I've seen a recent article about it, and it's been briefly mentioned in some answers on stackoverflow, but I can't find any usage of it out in the wild.
Are there any open source projects actively using FC++? Or any history of projects which used it in the past? Or does anyone have personal experience with it?
There's a Customers section on the web site, but the only active link is to another library by the same authors (LC++).
As background: I'm looking to write low latency audio plugins using existing C++ APIs, and I'm looking for tooling which allows me to write concise code in a functional style. For this project I wan't to use a C++ library rather than using a separate language, to avoid introducing FFI bindings (because of the complexity) or garbage collection (to keep the upper bound on latency in the sub-millisecond range).
I'm aware that the STL and Boost libraries already provide support from many FP concepts--this may well be a more practical approach. I'm also aware of other promising approaches for code generation of audio DSP code from functional languages, such as the FAUST project or the Haskell synthesizer package.
This isn't an answer to your question proper, but my experience with embedding of functional style into imperative languages has been horrid. While the code can be almost as concise, it retains the complexity of reasoning found in imperative languages.
The complexity of the embedding usually requires the most intimate knowledge of the details and corner cases of the language. This greatly increases the cost of abstraction, as these things must always be taken into careful consideration. And with a cost of abstraction so high, it is easier just to put a side-effectful function in a lazy stream generator and then die of subtle bugs.
An example from FC++:
struct Insert : public CFunType<int,List<int>,List<int> > {
List<int> operator()( int x, const List<int>& l ) const {
if( null(l) || (x > head(l)) )
return cons( x, l );
else
return cons( head(l), curry2(Insert(),x,tail(l)) );
}
};
struct Isort : public CFunType<List<int>,List<int> > {
List<int> operator()( const List<int>& l ) const {
return foldr( Insert(), List<int>(), l );
}
};
I believe this is trying to express the following Haskell code:
-- transliterated, and generalized
insert :: (Ord a) => a -> [a] -> [a]
insert x [] = [x]
insert x (a:as) | x > a = x:a:as
| otherwise = a:insert x as
isort :: (Ord a) => [a] -> [a]
isort = foldr insert []
I will leave you to judge the complexity of the approach as your program grows.
I consider code generation a much more attractive approach. You can restrict yourself to a miniscule subset of your target language, making it easy to port to a different target language. The cost of abstraction in a honest functional language is nearly zero, since, after all, they were designed for that (just as abstracting over imperative code in an imperative language is fairly cheap).

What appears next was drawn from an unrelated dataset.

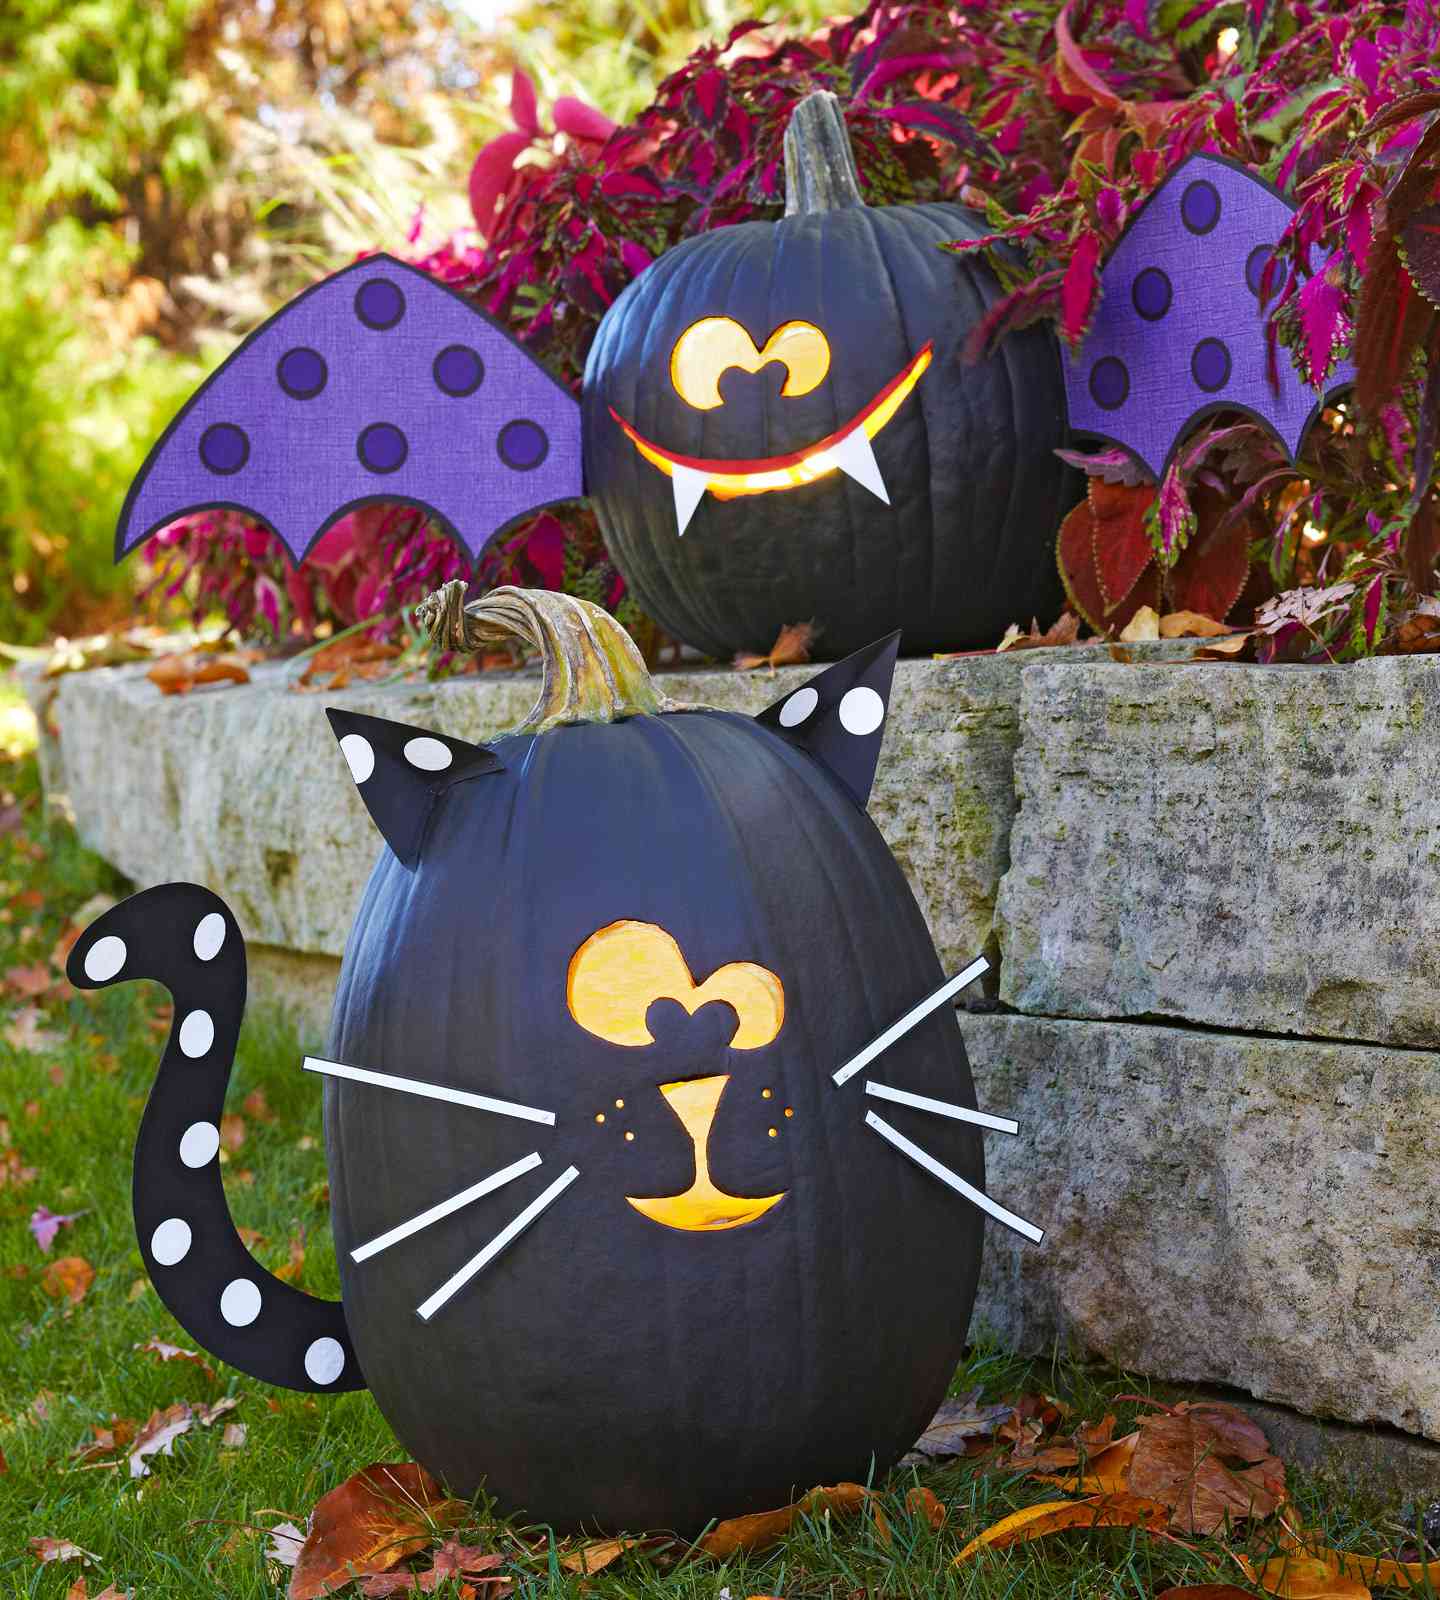 Black Cat and Bat Painted Pumpkins

I'm the primary original developer of FC++, but I haven't worked on it in more than six years. I have not kept up with C++/boost much in that time, so I don't know how FC++ compares now. The new C++ standard (and implementations like VC++) has a bit of stuff like lambda and type inference help that makes some of what is in there moot. Nevertheless, there might be useful bits still, like the lazy list types and the Haskell-like (and similarly named) combinators. So I guess try it and see.

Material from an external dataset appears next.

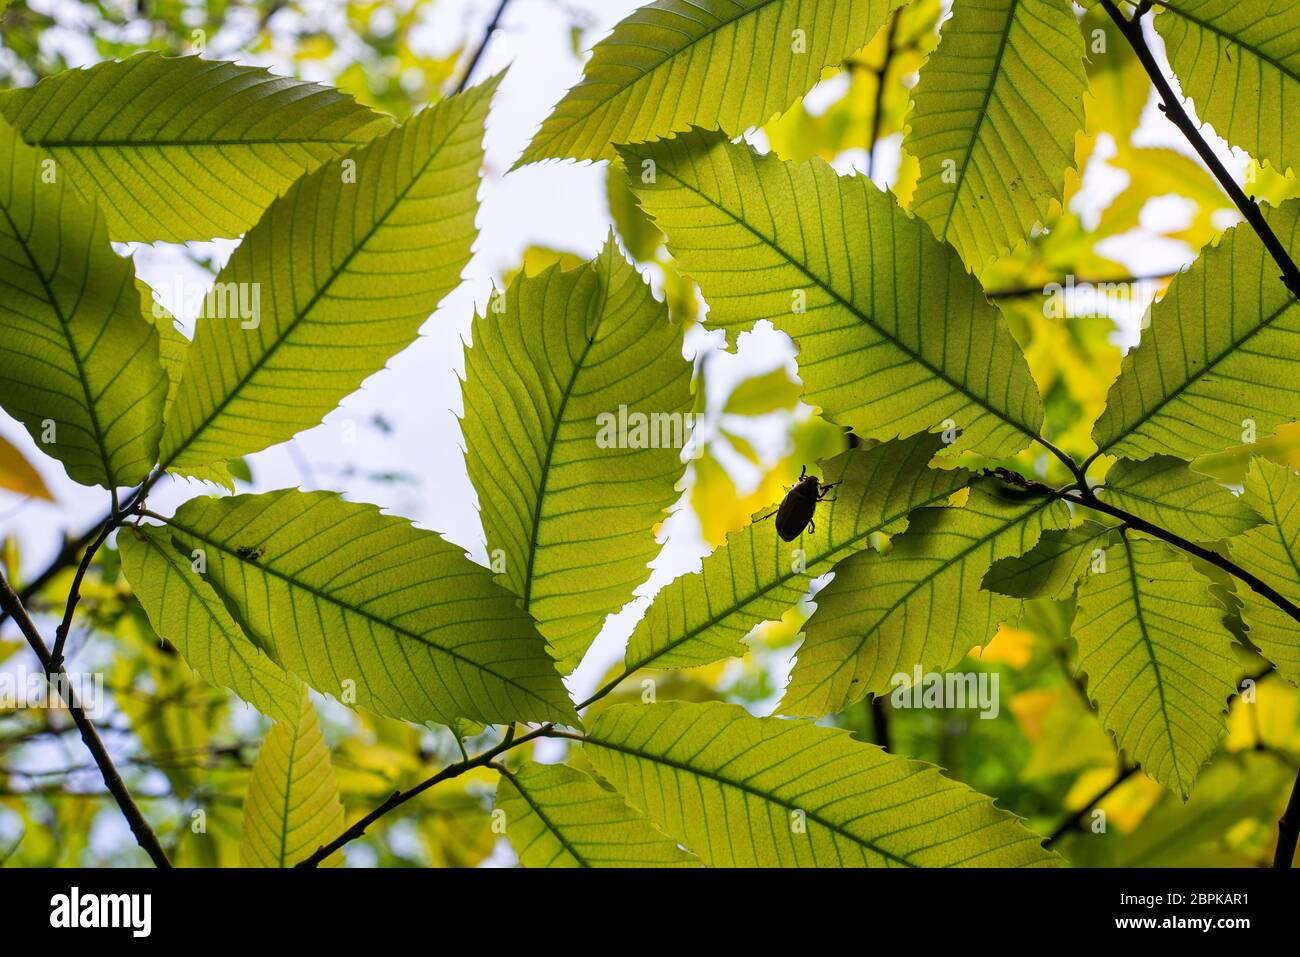 beetles eating leaves. scarabées mangeant des feuilles. Stock Photo

(Since you mentioned real-time, I should mention that the lists use reference counting, so if you 'discard' a long list there may be a non-trivial wait in the destructor as all the cells' ref-counts go to zero. I think typically in streaming scenarios with infinite streams/lists this is a non-issue, since you're typically just tailing into the stream and only deallocating things one node at a time as you stream.)